Introduction (P. 19-20)
We were walking along the road, he and I. After walking in silence, we sat at the edge of the forest. He, still absorbed in himself, began to speak:
“Any presence of the unknown and the infinite in a person’s life changes the reality of their lives. From our life experiences, we know the power of consciousness. If I am awake and aware of something in my life, it affects me: my brain and my nervous system, my respiratory system and muscle tension, my sensations, and my emotions. A person is a psychophysical being. Their awareness and psychical processes influence all their bodily systems, both internal and external. In addition, even the power of imagination affects their psychic state and all the systems within their body. When a person imagines realities, different systems in their body respond in the same way they would if the imagination were occurring in reality.
What would happen if a person integrates the hidden, sublime, and miraculous space into their awareness?
What would happen if the sense of the concealed and the sublime—which one feels in extraordinary moments of life, such as when standing before a special landscape or masterpiece, or during life moments related to love and birth—is present in one’s consciousness constantly?
What would happen if a person allows this experience to be present and open the doorways of their consciousness?
How will this state of consciousness affect their perception of the world?
How will all of this influence their life on all its levels?
How will the expressions of their life in all their richness – their speech, eating, sexuality, work, and their relationship with others and creation – change?
Will a broader perception allow for additional connections to form within it, and will different functions of our capabilities as humans—such as creative power, psychic power, the power of intention, and the power of will—become activated and gain broader meaning, power, and relevance? Might there be spiritual states that are not just the result of choice or decision but states that manifest and come to life solely within the context and interaction that awakens them—out of these expanded states of consciousness?
For example, the sense of distance always exists within my body but only manifests when I reach out to grasp a cup, and thus my hand does not ‘miss’ it; my body knows the exact muscle tone only at the moment that my hand grasps the cup. Similarly, bodily strengths—strengths I did not know about before—begin to act and become ready for action only in times of danger. Are there natural inner strengths (such as hope, confidence, and faith) that, like these physical powers, become known only in expanded states of consciousness? Do they perhaps exist only when my consciousness expands and includes the unknown and the sublime in its perception?
Perhaps these powers are not related to ‘faith’ in the sense of belief—or in the sense of a good trait or a decision related to education and the like—but rather a living power connected to ‘faith’. Is it possible that this power functions only in the context of an expanded, hidden consciousness that manifests when a person opens themselves to the realm of their essence, which is beyond the realms in which language is born and functions as a world creator, as it appears to us? Could it be that a person who does not open themselves up to an expanded consciousness will not understand what faith is for someone who has integrated the unknown into their consciousness? Could it be that even a believer who is not open to this unique expanded consciousness will not understand what is being discussed and will confuse faith with beliefs or theology? Could it be that a believer whose consciousness is open to the concealed and the sublime will never be able to express their faith in a language built on everyday consciousness?

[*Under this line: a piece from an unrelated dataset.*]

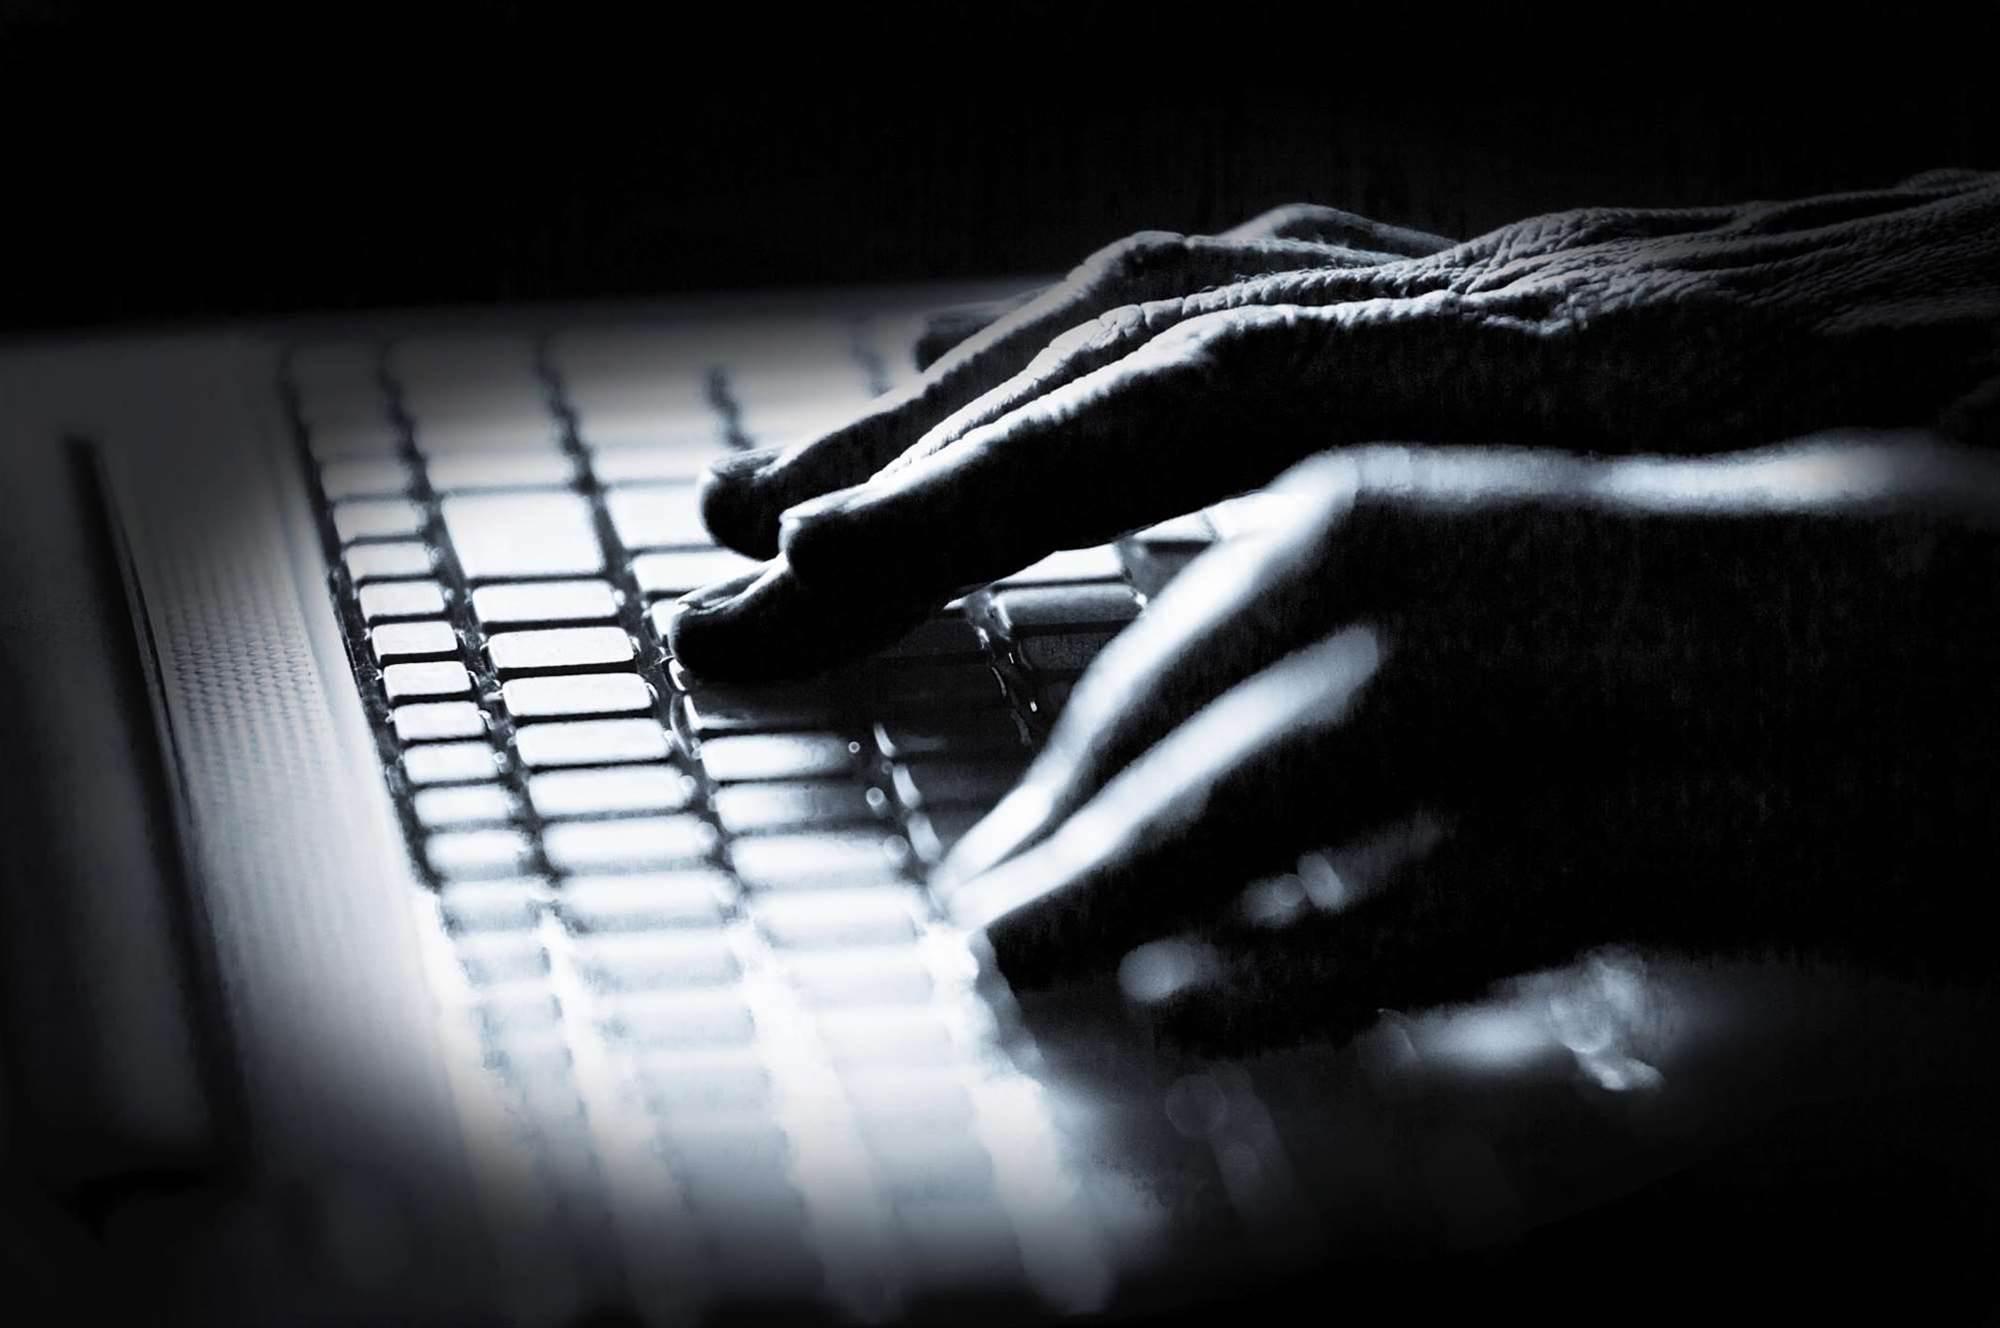 Online fraudsters top Aussie cybercrime blacklist

And perhaps, just as desire is aroused by the object of the desire, and just as the sense of taste or smell functions when a person eats something or smells something, so these psychic powers function only in expanded states—as a natural power in the human soul?
What is the act that the Kabbalists call ‘for the sake of unifying the Holy One, blessed be He, and His Shechinah through the hidden and concealed One’? How can one open up to this ‘concealed and sublime’ or integrate it in our consciousness, given that it is ‘hidden and concealed’? How does this opening up not only ‘change consciousness’ but also ‘change life’ and even more so ‘change the world’?”
This is how our conversation began after we decided to set out on our journey. He was a wondrous person who lived in the world like a walking prayer. From our many conversations, I understood that his choice to be a prayer-person was for him a choice for a life that is attentive and open, at all times, to the ‘beyond’: a life open to the edges of existence and to what is implicit in everything; a life sensitive to the wonder of existence expressed by the words “there is no place empty of Him’; a life that, for him, transformed the world from ‘this’ world into a world of ‘revelation’ that is constantly revealing itself.
In one of our conversations, he said:
“To be a prayer-person means to be a person who listens with humility and self-nullification, with equanimity and lack of self-interest, to the unknown. In religious language, this action is called ‘prayer for its own sake,’ an intention free of any personal interest, an intention directed towards the unknown, one that listens to the request that seeks to be created, and to the future that seeks to appear.
A prayer-person is a person who is prepared to feel, to know and to direct their attention towards what is revealed from within the Infinite; this is a person who is prepared to create and permutate new letters and words, out of that which is being revealed. It is then that it becomes possible for the powers of doing to coalesce out of the world’s intricacy, and to create oneself as a temple for the flow.